*SUPPLIED DATA*.
* * * * *

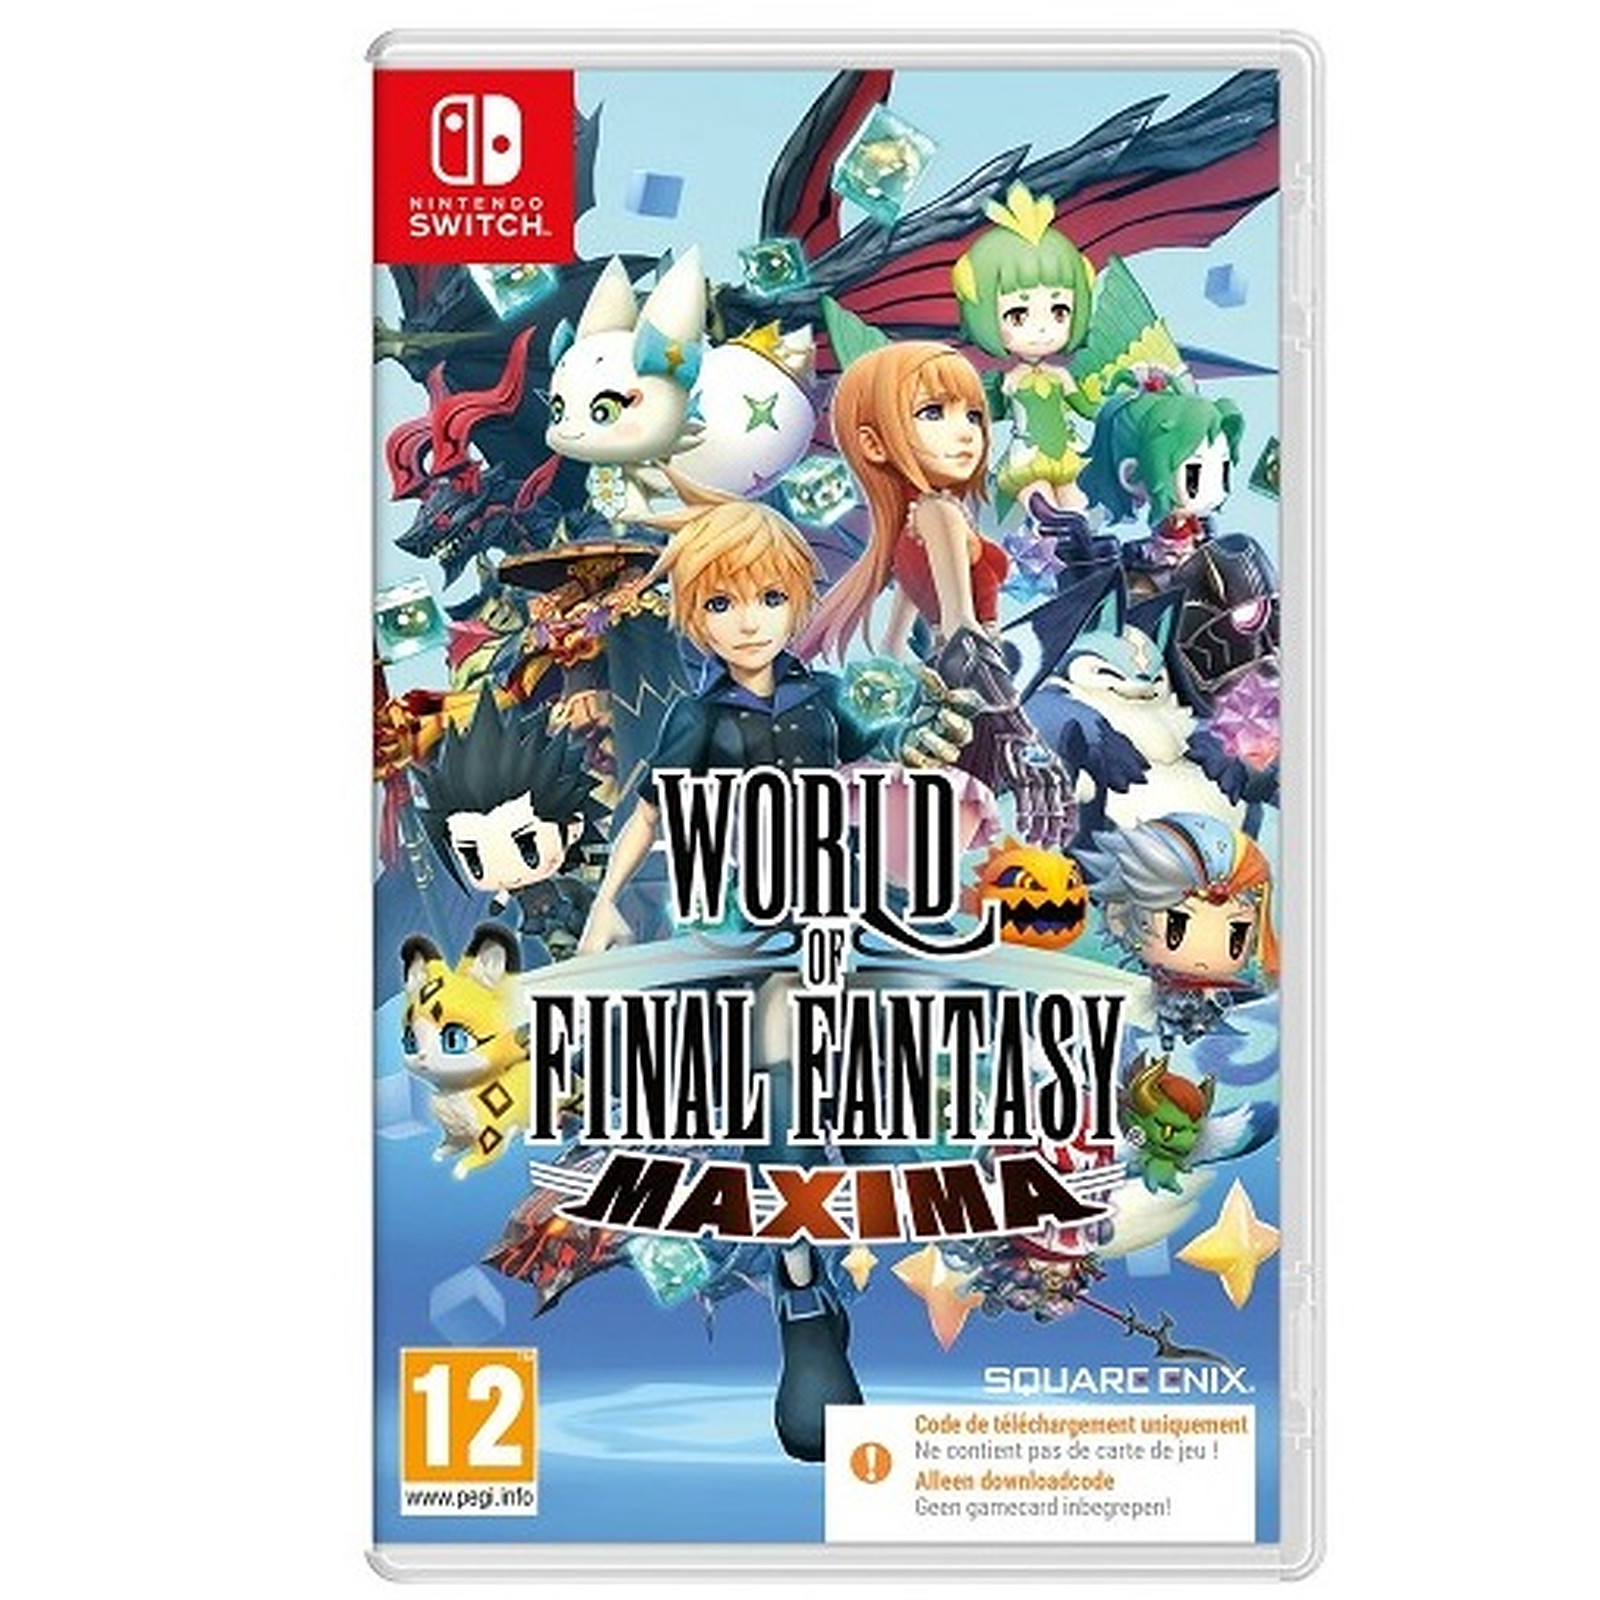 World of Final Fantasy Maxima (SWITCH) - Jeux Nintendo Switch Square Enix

* * * * *

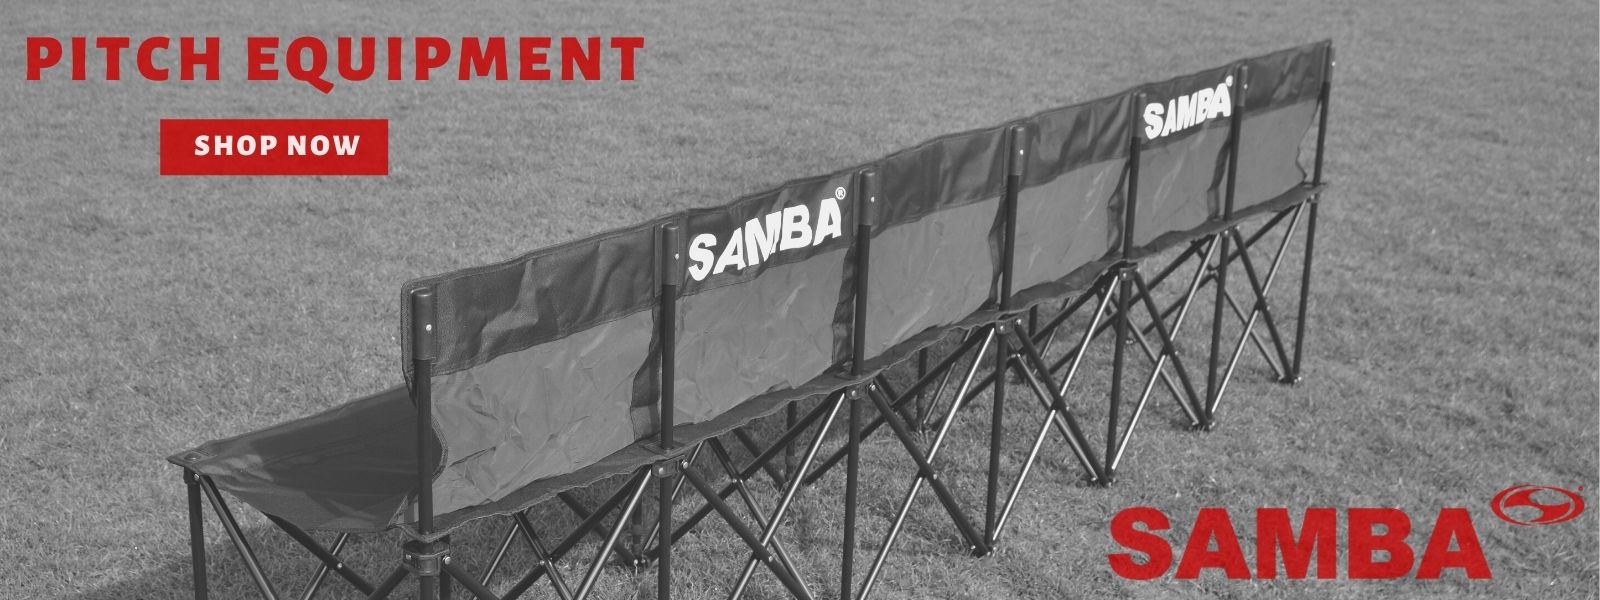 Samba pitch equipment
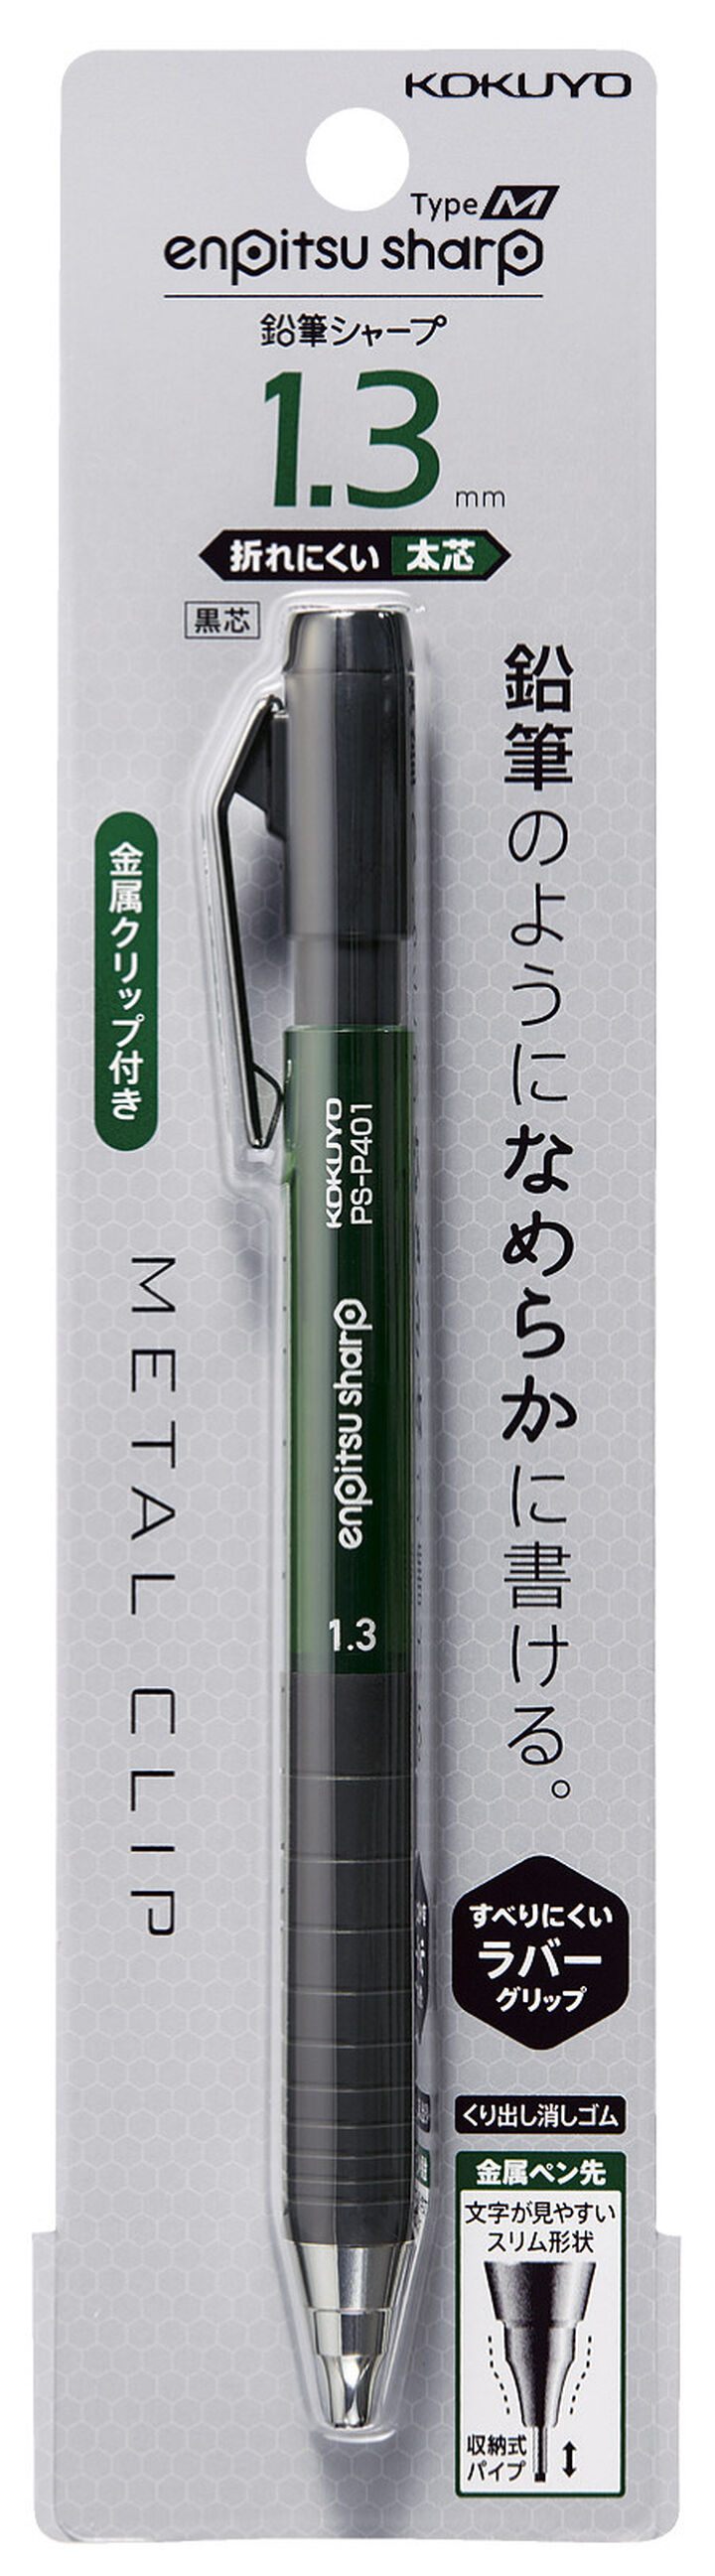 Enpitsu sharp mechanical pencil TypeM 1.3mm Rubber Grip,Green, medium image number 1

* * * * *

*TASK ITEM*.
What you write must match the listing exactly, from the line with "Samba pitch equipment" up to and including the line with "Enpitsu sharp mechanical". Pictures stay out.

*ANSWER AREA*.
 Samba pitch equipment
 Enpitsu sharp mechanical pencil TypeM 1.3mm Rubber Grip,Green, medium image number 1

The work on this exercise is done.